Закутанный в зефирную накидку прихваченную скотчем я  посмотрел на свою руку и не увидел ее, хотя ощущал   совершенно ясно как она стискивает подлокотник.  Зажужжало над правым ухом,  жужжание было приятно щекочущим,кружило вокруг, убаюкивало.   
В зеркале я видел как она удалялась странно глядя на меня скривив уголок рта, по мере того как она удалялась, жужжание все больше переходило в шорох.

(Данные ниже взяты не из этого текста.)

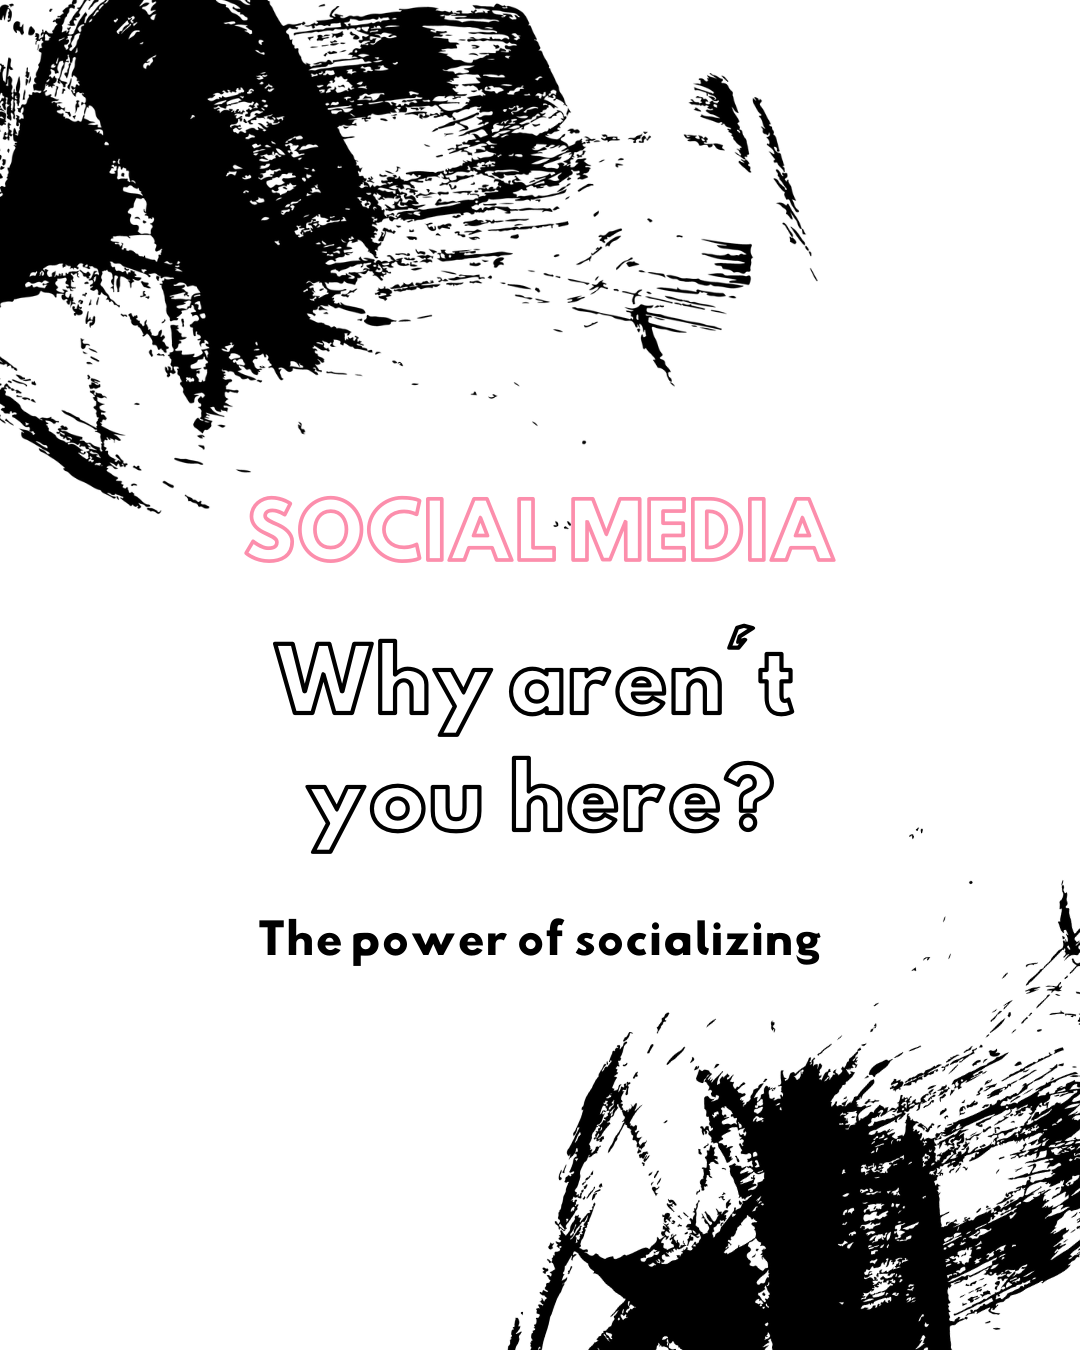 The Power of Socializing on Social Media
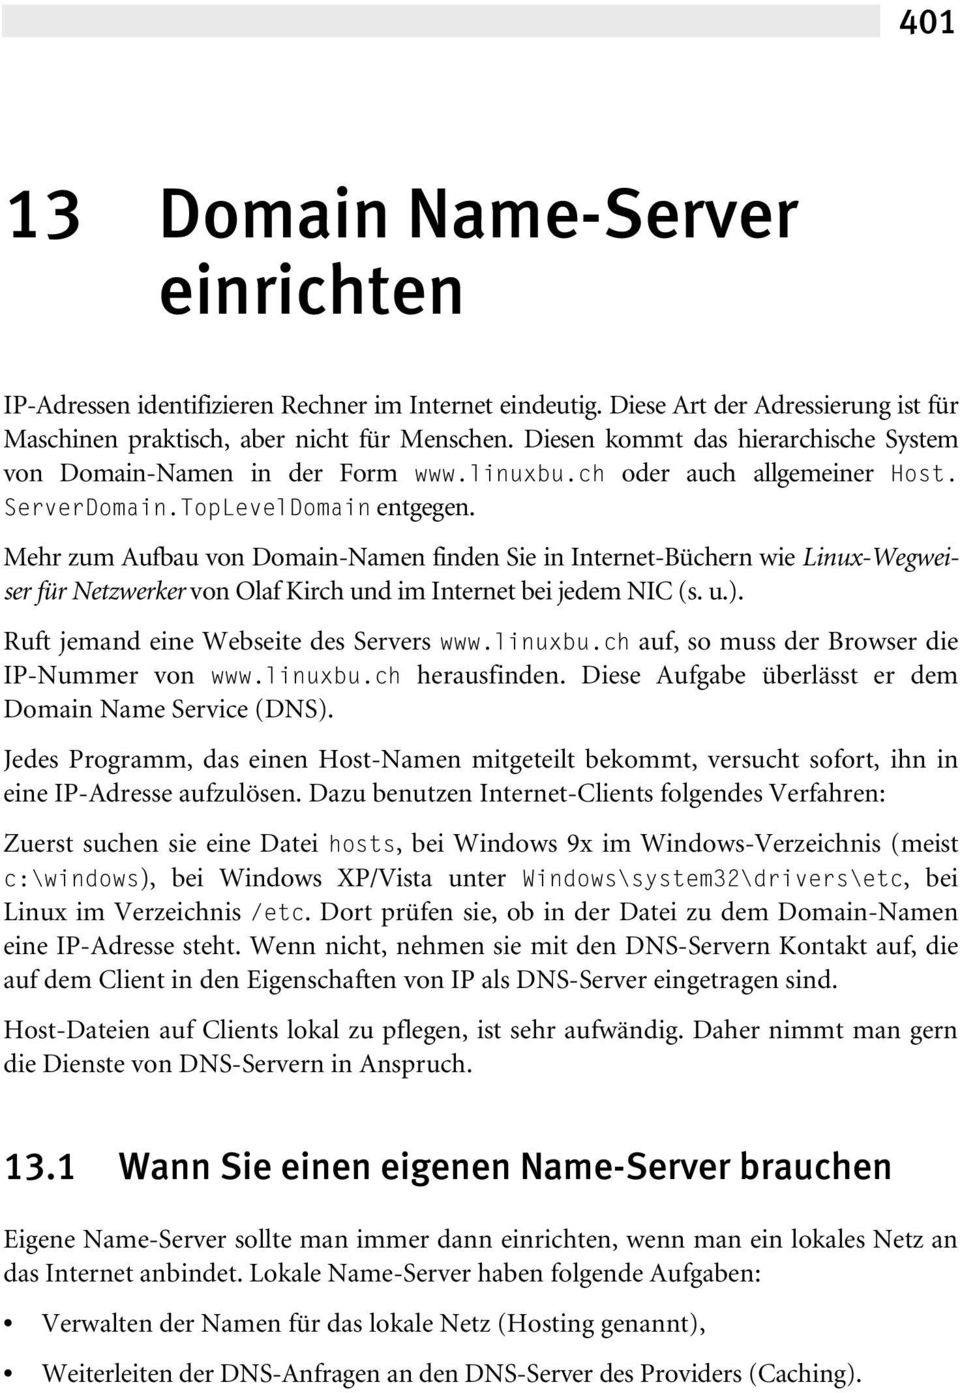 Mehr zum Aufbau von Domain-Namen finden Sie in Internet-Büchern wie Linux-Wegweiser für Netzwerker von Olaf Kirch und im Internet bei jedem NIC (s. u.). Ruft jemand eine Webseite des Servers www.

 Далекий шорох звезд рождал пространства, они восходили опадали сияющими куполами и снова росли, огромные небы, много небес, неисчислимые, несчетные сгустки не сложились еще ни в какие созвездия и галактики,   водовороты и стремления, никакие фигуры не завладели этими обширными видениями  и небо расцветало передо мной как огромная тысячелепестковая голубая хризантема, как многочешуйчатая радужная фантасмагория, солнце, луна, звезды  проплывали передо мной, устроив небесный парад, полосы, тени, облака и светы...
Сверху я  видел  дом с черной крышей, вспухающий   простынями двор, ворота увитые диким виноградом,  заросли дикого бурьяна и чертополоха, высокая раскидистая шелковица, под ней  пустая детская кроватка поставленная там неизвестно кем, во дворе суета, женщины бегают из тени в тень умножаясь движением, нося перед собой, сквозь оконное стекло видна ,  глиняная детская свистелка в виде птички, меня еще нет, я еще не родился. Чем ближе я приближаюсь тем более мутной становится картинка, словно в воду влили крахмальный клейстер, все более вязким становится воздух и сам я обрастаю чем-то липким, неотчетливая печаль,  и томление - ничего я не уберег, не захватил хотя бы частичку тех огромных, ошеломительных, непомерных мгновений, мне   никогда не вырваться из этой липкости, мне уже не дышать неземным воздухом беспредельных пространств, мне вечно тосковать по   трепету и сверхцветью небес.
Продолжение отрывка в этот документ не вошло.